Attorney General J. Joseph Curran, Jr. announced today that his Consumer Protection Division has reached a settlement with Advisory Communications Systems, Inc., a Lanham, Md., company, over that company's telemarketing sales of pre-paid legal services memberships to consumers. Advisory Communications Systems has agreed to change its telemarketing sales practices and to refund money to consumers who were billed for memberships without proper authorization.

Advisory Communications Systems sells memberships in its "LawPhone" pre-paid legal service, for which the consumer is billed $16.95 monthly. One method the company formerly used to solicit customers was "upselling," whereby consumers who called in response to an advertisement for another product were offered a trial LawPhone membership at the conclusion of the call, supposedly to thank the consumer for the original purchase. Consumers who did not cancel the memberships during the trial period were then charged on the credit card they had used to purchase the item about which they had called. The Division received complaints from a number of consumers who complained that charges appeared on their credit card statements for a LawPhone membership when they had not authorized the charges.

The Division alleged that the company violated the Consumer Protection Act and the Maryland Telephone Solicitation Act by misrepresenting facts and omitting material facts during the telephone "upsell," charging consumers' credit cards without their authorization, and failing to honor requests for cancellations and refunds.

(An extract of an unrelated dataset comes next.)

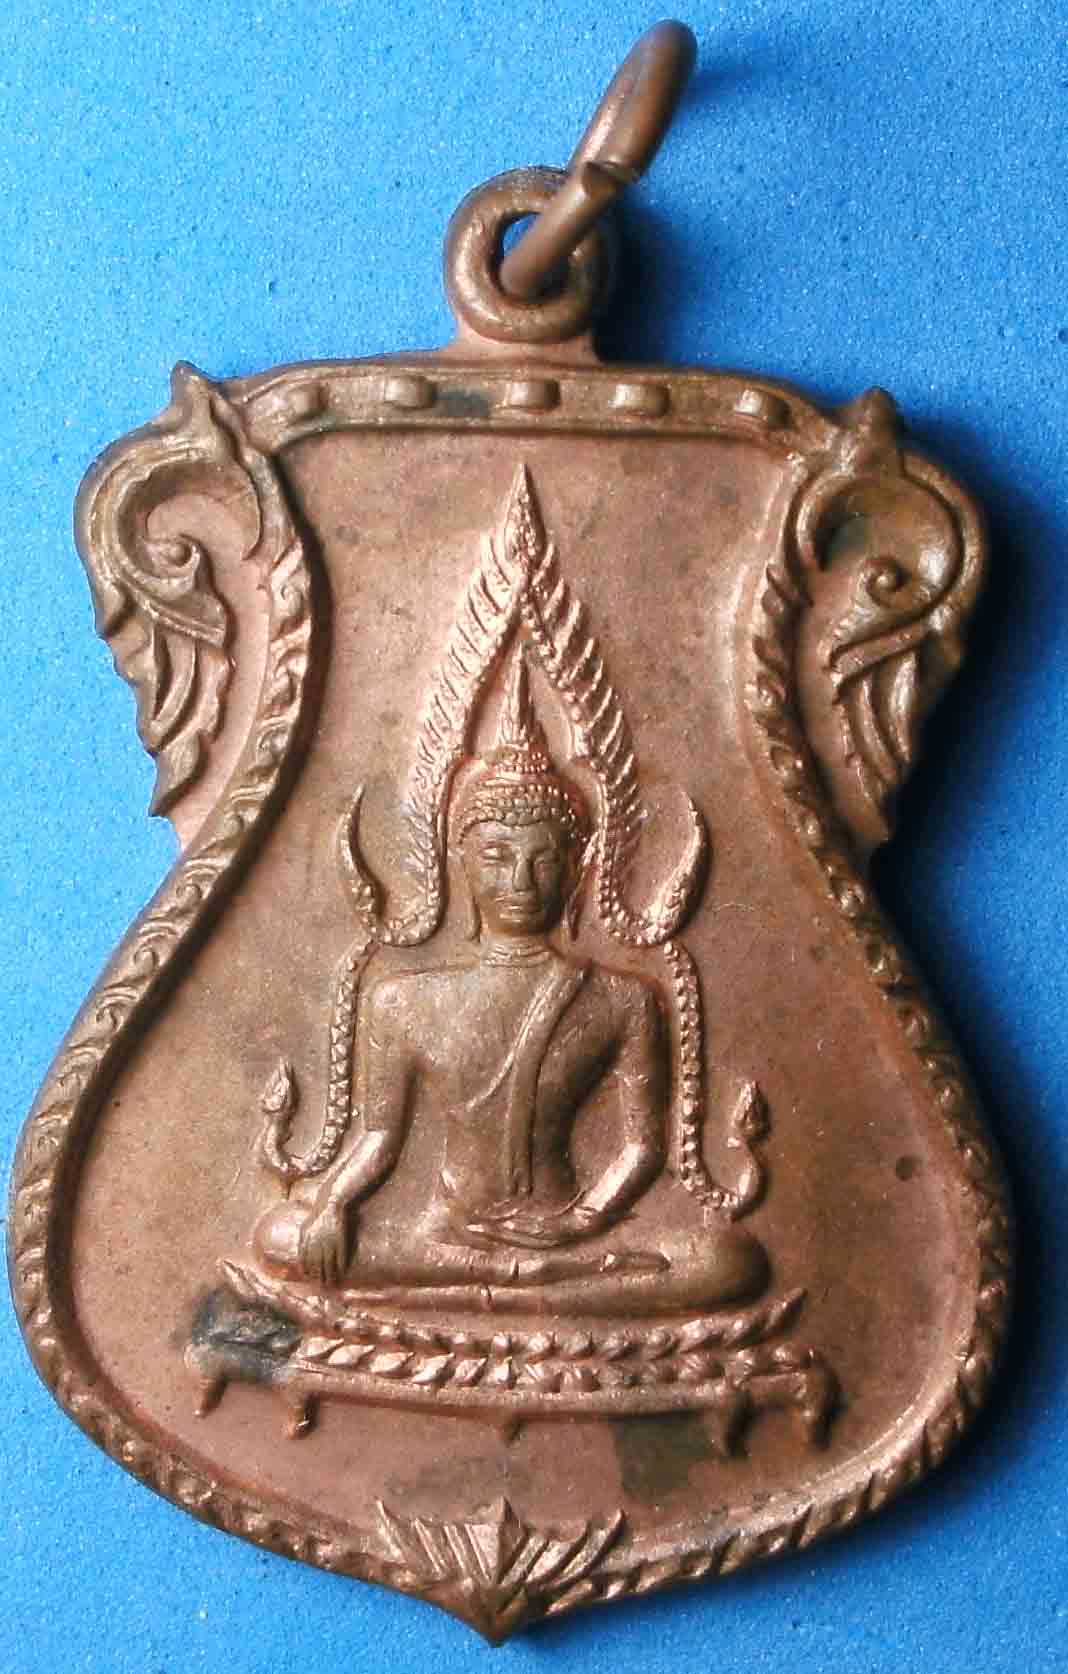 เหรียญพระพุทธชินราช ปี17 สวยเดิม หลวงพ่อเกษมปลุกเสก พิเศษสุดๆ องค์นี้ผิวไฟ หายาก

Under the settlement, Advisory Communications Systems denies that it has violated Maryland law or committed unfair or deceptive trade practices and states that it had previously ceased using "upsells" to sell its memberships. It has agreed that during future telephone solicitation of its pre-paid legal services, it will clearly disclose the terms and conditions of the offer, including the price and how frequently a consumer will be charged, and whether the company already possesses billing information for the consumer's credit card or other account. If a trial period is offered, the company must make it clear that the consumer will be charged if he or she does not cancel during the trial period, and say how the consumer can make a cancellation request. The company may not represent that a trial period is provided to the consumer as a gift or to thank the consumer for prior business. The company also agreed to obtain a written contract in accordance with the Maryland Telephone Solicitation Act before charging the consumer for a membership.

"Consumers should not be charged for a product without providing informed authorization," said Curran. He also advised consumers to scrutinize their charge bills to ensure that all of the charges were authorized.

Advisory Communications Systems will pay more than $190,000 in restitution to consumers who were charged for a LawPhone membership through an "upsell" and who did not access the service after the initial trial period. It will also pay $75,000 to the Division.